Illustration by Sarah Kim / Shutterstock / The Current
Add “inflation” to the ever-expanding list of issues impacting advertisers.
The consumer price index — the primary metric for measuring inflation — recently climbed 7.9 percent, to its highest level in 40 years. That means most consumers are thinking harder about which products they buy, where they shop, and how often. If things weren’t hard enough already for advertisers, the situation is exacerbated by supply-chain shortages and the conflict in Ukraine. As with any period of economic uncertainty or volatility, the better a company can market its products, the more it stands to gain share. Indeed, two years of a global pandemic has shown many marketers the importance of precision, ROI, and agility.
“Marketers are caught in a scenario where the retailer doesn’t want to increase costs that are passed on to the consumer and where shipping costs are impacting a brand’s ability to deliver their products to stores,” Jeff Roach, president and chief strategy officer at indie agency SCS, tells The Current. “The increased costs are squeezing margins during a challenging talent environment, which is creating turnover that is directly impacting a brand manager’s ability to execute their media strategies.”
Finding valuable customers
SCS agency, whose clients include John Deere, Vans, and lock maker Kwikset, points to brands leveraging first-party data as examples of recommended best practices advertisers should adopt with their buying strategies. “Quick service restaurants, brands like Starbucks, Chipotle, and Panera Bread have created reasons for their customers to join their online platforms and receive personalized offers,” says Roach. “Those platforms also allow them to effectively communicate any supply challenges they’re faced with and direct them to new products or ways to purchase.”
Marketers are also adopting strategies in the brand loyalty arena to help cope with the influx of economic challenges.
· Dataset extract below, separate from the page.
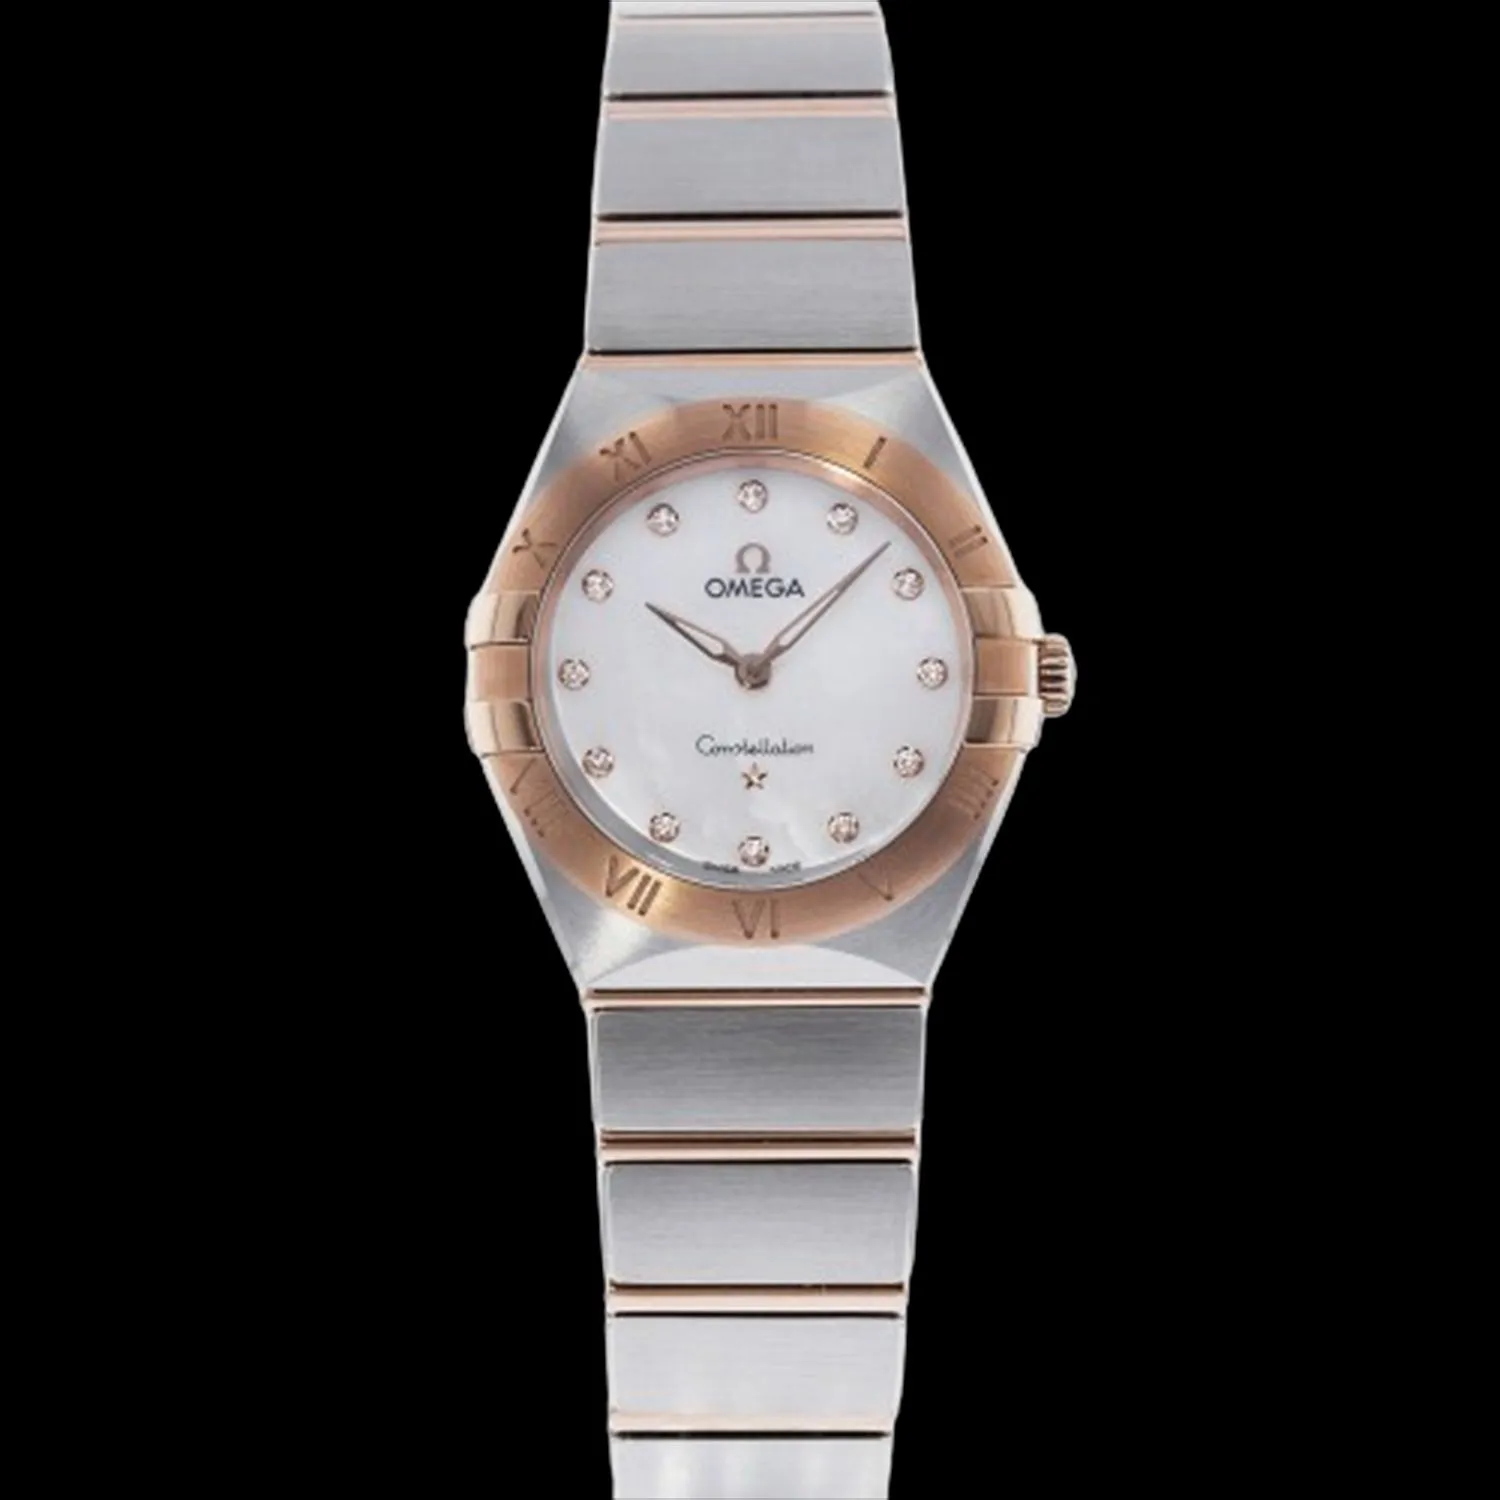 Omega Constellation Manhattan 28mm Rose gold and stainless steel
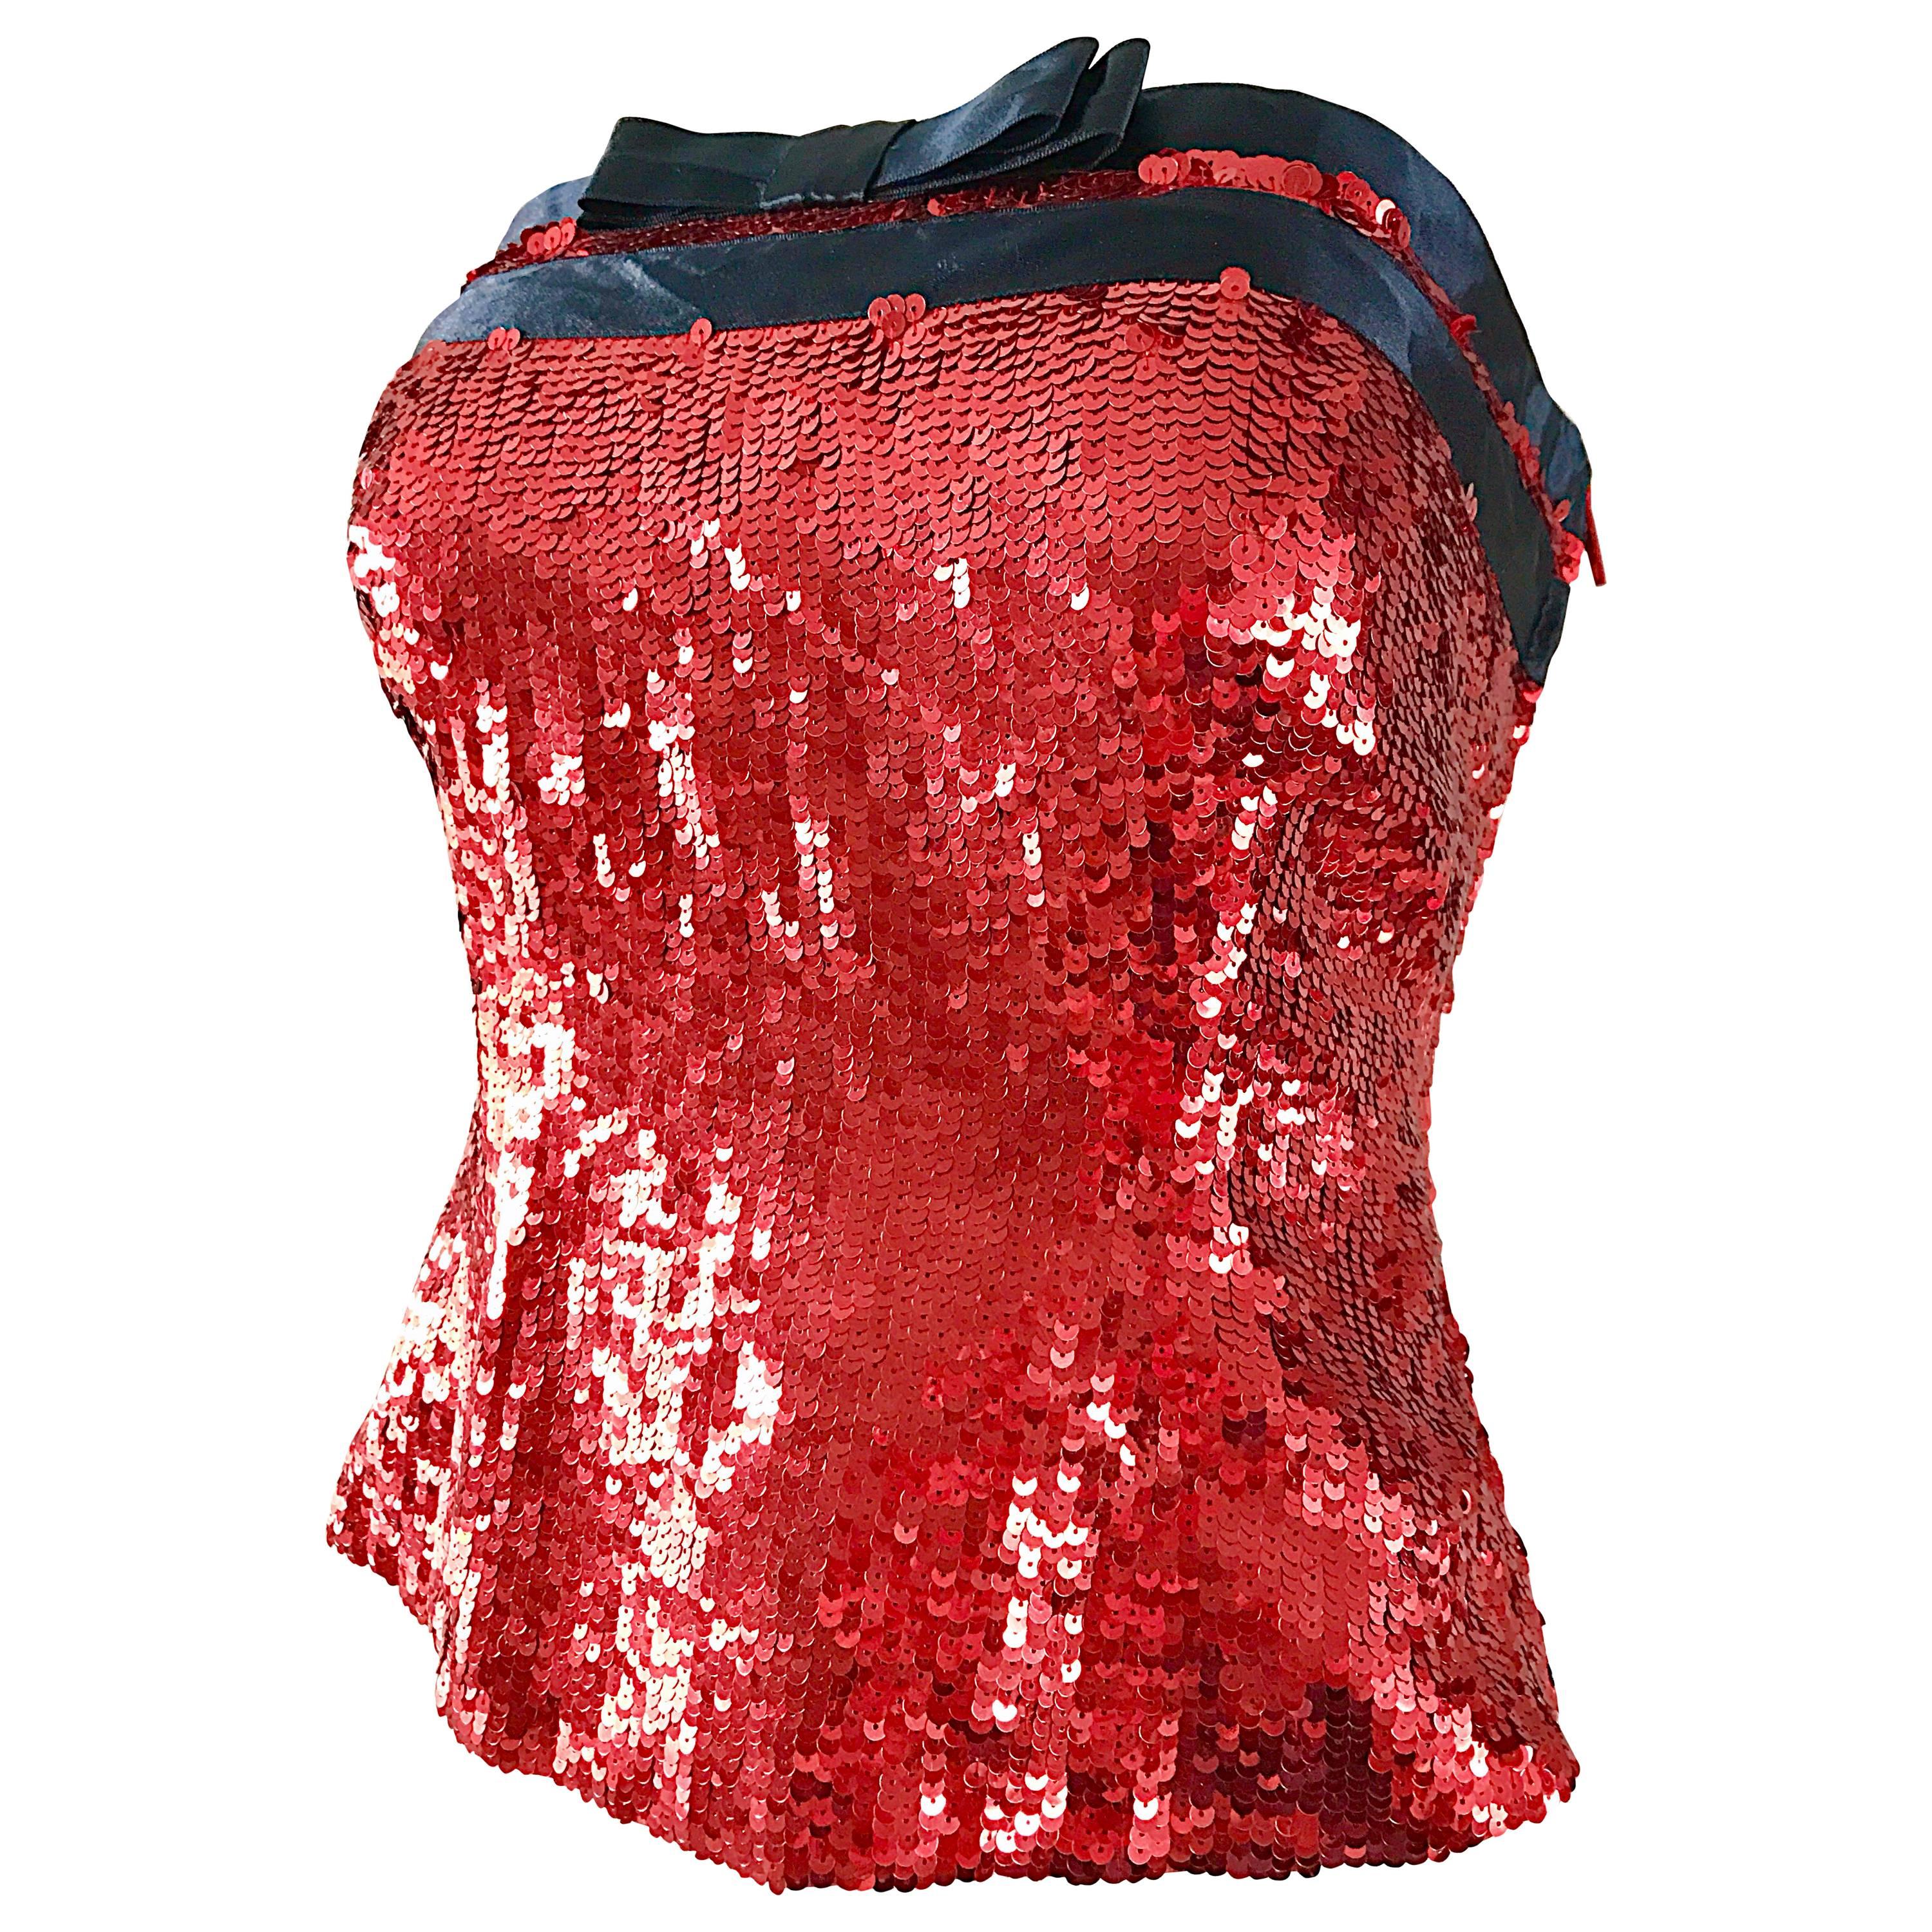 1990s Bill Blass Size 6 Red Sequin Black Strapless Bustier Vintage Corset Top For Sale

Mastercard, for instance, is leaning into its data and brand loyalty program to become more precise with their ad spend, Martin Benda, director of customer loyalty and engagement at Mastercard, tells The Current.
“Know which customers are profitable for your business and treat them well,” says Benda. “Know which customers are not profitable for your business and do not offer anything of meaningful value, as it is money wasted.”
Benda emphasizes that loyalty programs can uncover such insights, which in turn can help identify which customers are most valuable.
Working to avoid mistakes
Although it may seem tempting, halting ad spend is seldom a good idea when so many negative economic factors are at play, Luke Stillman, senior VP of global intelligence at Magna Global, tells The Current. “Don’t pull back on brand marketing, as tempting as it could be,” says Stillman. “You want consumers to still have your brand top of mind and to remain loyal, so they aren’t thinking as much about the cost.”
The reality, says Stillman, is a brand’s rivals are also grappling with price increases. “Brand saliency must remain a focus,” he says.
And while advertisers may see an uptick in prices for certain media, it shouldn’t be a deterrent when executing media strategy.
“For digital media, changes in consumer habits and consumption due to the pandemic is far more important to the overall media cost trend than general economic inflation at current rates,” says Stillman. “It’s the indirect impact through consumer spending that is most directly impacted.”